A firm fixture from Adonis’s earliest days, Hannah waxes lyrical: “Things dip and change through the years; I came at a time when there was fuck all in Shoreditch all the way through to Hackney’s heyday and the knock-on effect of Berlin and New York scenes, where near enough every club going felt like a copycat. What Adonis does differently is that everyone, from the door to the decks is a unique character with no pretences. Hats off to Shay for grafting and making it jump every month. [Sometimes] the stars align in club culture and this is that moment. It’s the right minds behind it, the right minds inside it and the right minds playing the music.”

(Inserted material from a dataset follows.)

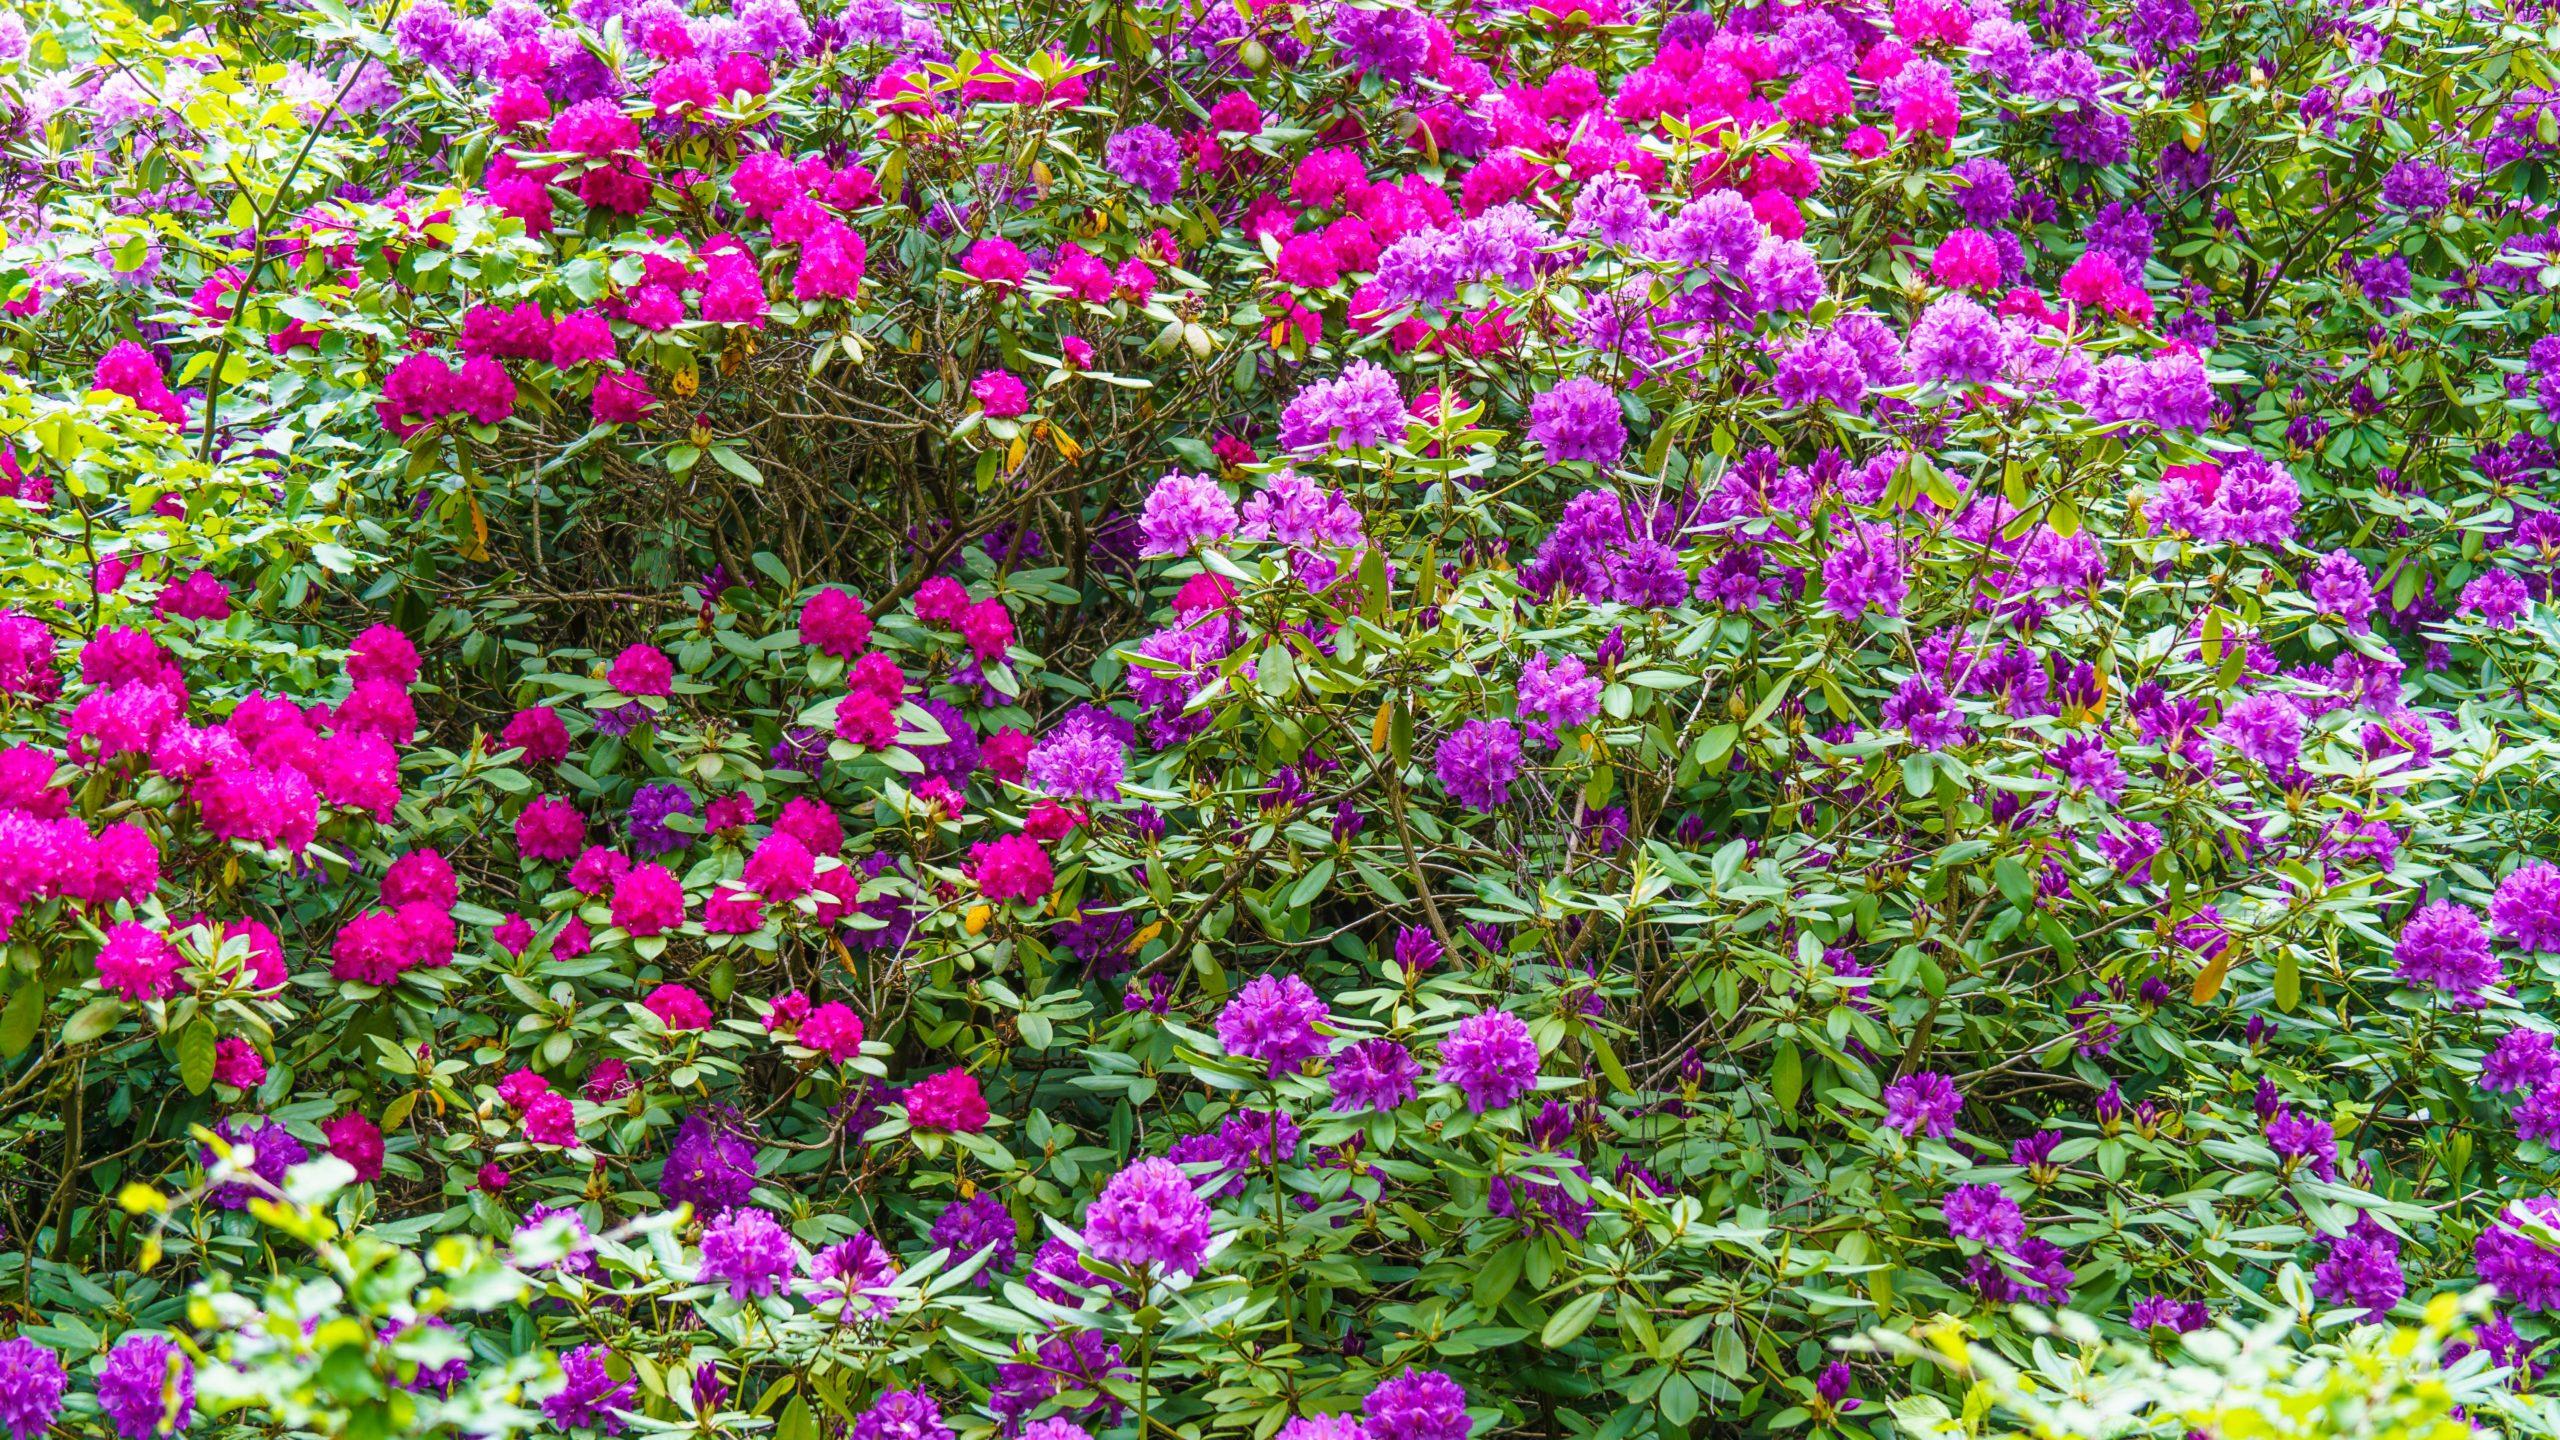 Grenzweg Gerstunger Forst, Rhododendron-Pflanze an der Erbbegräbnis-Stätte nahe Grenzweg

As the clock strikes 4:AM and Gideön delivers a sleazy acid house sermon, Sands is in reflective mood outside. “House music came from black and Latino gays in Chicago; [it was] about finding a safe space to party and celebrate that. When house came to the UK, we made it famous around the world. Straight, gay, it didn’t matter, it wasn’t about that. As much as I’d like to lament about clubs like The End, Trade and Turnmills closing, or laugh when I hear TLC’s ‘No Scrubs’ played at 135BPM at commercial gay nights like Popcorn, you have to celebrate. Looking around tonight at Adonis, we’re all still here for that same message. It’s about coming together for the music, on a dancefloor where you can be yourself.”
Shay adds, “There are only so many times you can go to a gay club and hear an Adele megamix played relentlessly before you’re going to start searching for an alternative. It’s shady to say, but that’s probably why so many closed down. People like me started searching for a new Block9 or Holland’s Batty Bass... something that was progressive.”
Having locked down collaborations with Flash at Pikes Ibiza and festival slots like Maceo’s bar for Block9 at Glastonbury it’s hard to believe Shay started Adonis only two years ago. “No-one throws a party to start a business. I did it because I loved the music and luckily my mates were fab DJs,” he says. “I could have never expected it to become this mad monster where we’re flying acts in and getting approached to book others from all over the world.”
Popularity, of course, brings its own conundrums. “I never wanted to have a guy at the door like Berghain who turns people away. But I also don’t want to lose the core demographic that made us who we are. I’m not putting someone on the door in a wanky way that’s about your look, but to ensure that the vibe you come in with is one that maintains ours. [Before these measures] there was one party where I looked around and I was like, “Who the fuck are all these people?!”
Gearing up for a 'Stop Brexit’ soundsystem protest, Gideön doesn’t hesitate to speak his mind. “It’s fucking amazing to be part of something that is so on fire right now. With everything that’s happening with Brexit, any sort of flag-waving nationalism makes you wanna be sick. But one thing I can say is that I do feel proud to be British and part of something as important musically as Adonis.”
Kerbside, as the sun goes up, Grace Sands has the last word. “The world’s gone mad! I think people subconsciously look around at everything and make the decision, “Fuck this, I’m gonna start having a good time.”